Cheguei então na manhã do dia 4, o dia da ida para Plaza de Mulas, com duas noites de sono marrom e uma (a terceira) em claro. Vinha a marcha de 33 km para vencermos 1.000 metros de desnível. O meu passo nunca foi o que eu esperava que fosse. A frustração aumentava a cada hora, afinal, eu estava com excelente preparo físico para a minha idade. Vinha de um semestre com musculação específica para o que enfrentaria na montanha (se bem que meio inconstante) e boas corridas (essas, constantes). Cheguei a fazer 10 km em 51 minutos e corria 1 hora por dia tranquilamente. Ainda por cima, estava com diarréia. Esse probleminha, na Playa Ancha, em especial, é mais sério do que em outros lugares. A Playa Ancha é um lugar com km e mais km de vazio, sem um lugarzinho pra se esconder. A única forma de se obter privacidade para cuidar das chicotadas era escolher um momento no ual se estava longe das pessoas que iam e vinham. Elas me viam, sem dúvida, mas eu estava longe demais para olhá-las nos olhos (e vice-e-versa)... hehehe.. É uma situação digamos, desconfortável.

Ainda bem que era rápido... hahahaha... Ops, esqueci de explicar que noite marrom é uma noite marromenos.

Ponto para o fog. Ponto para o psicológico.

Aos tapas, porém feliz, cheguei na Plaza de Mulas com 10 horas de marcha. Os demais chegaram com pouco mais de 8 horas. Tanos acompanhou meu ritmo nas horas finais e a sua presença ajudou bastante. Falamos um bocado de besteiras e demos um bocado de risadas. Mas ainda faltavam 40 minutos até o Hotel Refúgio Plaza de Mulas. Esse trecho foi terrível. Levei mais de uma hora e meia e na parte final, que é uma subida, não andava 20 passadas sem parar um bom tempo. O ar simplesmente faltava. Bomba relógio: bebi uns 400 ml no café da manhã e menos de 2 litros durante todo o dia. Era pouco, muito pouco.

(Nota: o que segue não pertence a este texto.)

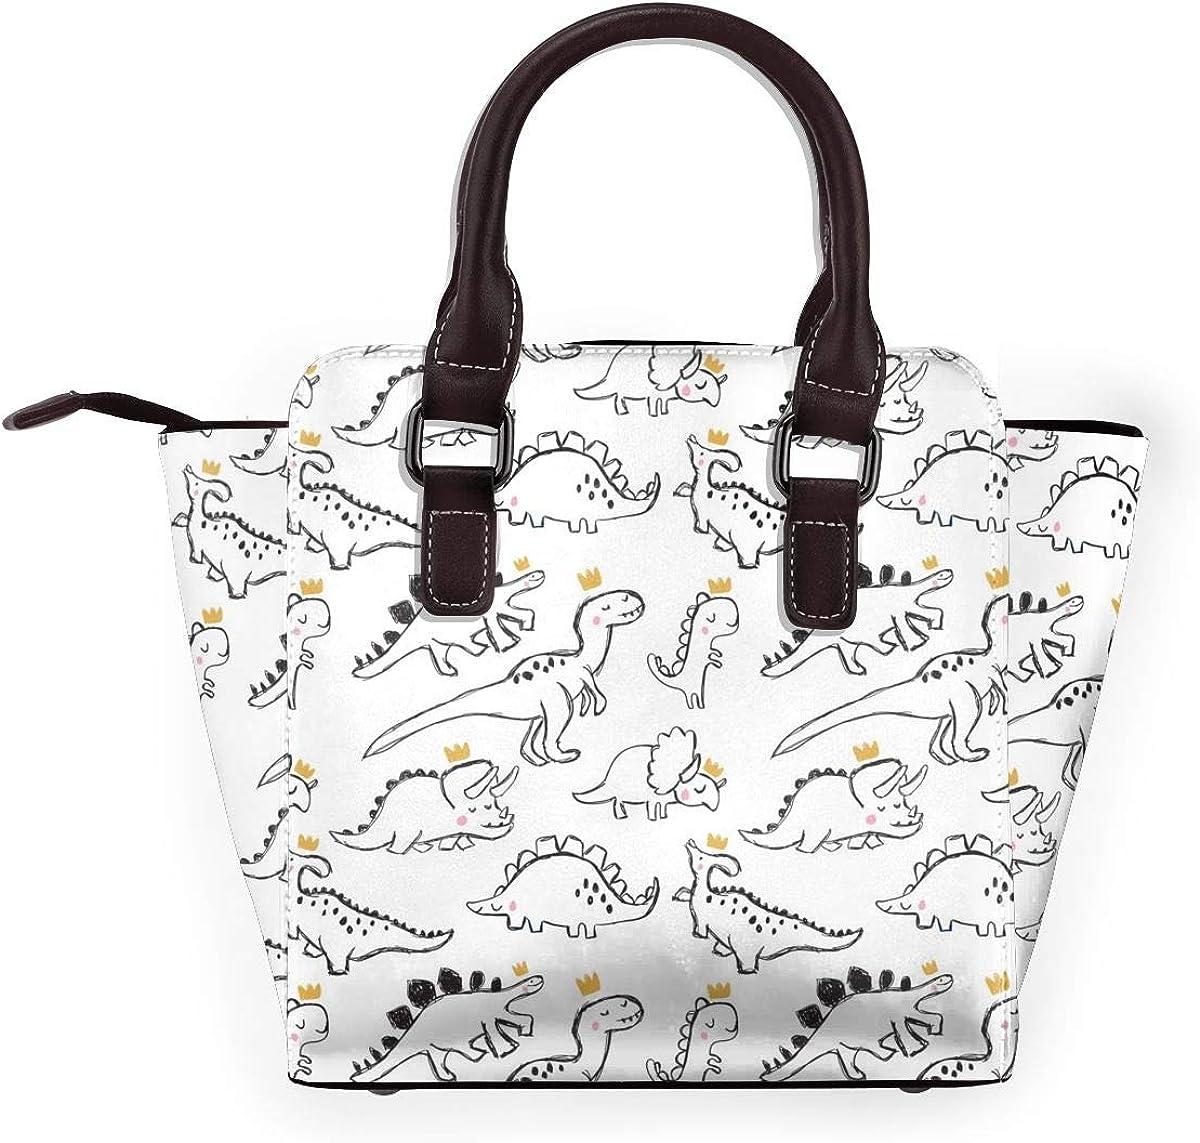 Hedgehog Texture Damen Handtasche Hobos Leder Nieten Schultertasche Große Tote Bag für Arbeit Dinosaurier T-rex Trägt Krone.

A primeira noite em Mulas seria no hotel. Custava 19 dólares, mas chegamos quase à noite e eu não podia sequer pensar em ter que montar barraca. Aliás, acho que todos estavam meio aos tapas nesse dia, pq todos foram para o hotel. No tempinho entre a chegada e a ida para a cama eu já me preocupava se dormiria ou não. Estávamos a 4.300 metros e o ar certamente era bem mais rarefeito do que em Confluência. Se eu já não havia conseguido dormir em Confluência ....

Não deu outra: passei a noite inteira acordado. E ainda tive que pagar... hehehe...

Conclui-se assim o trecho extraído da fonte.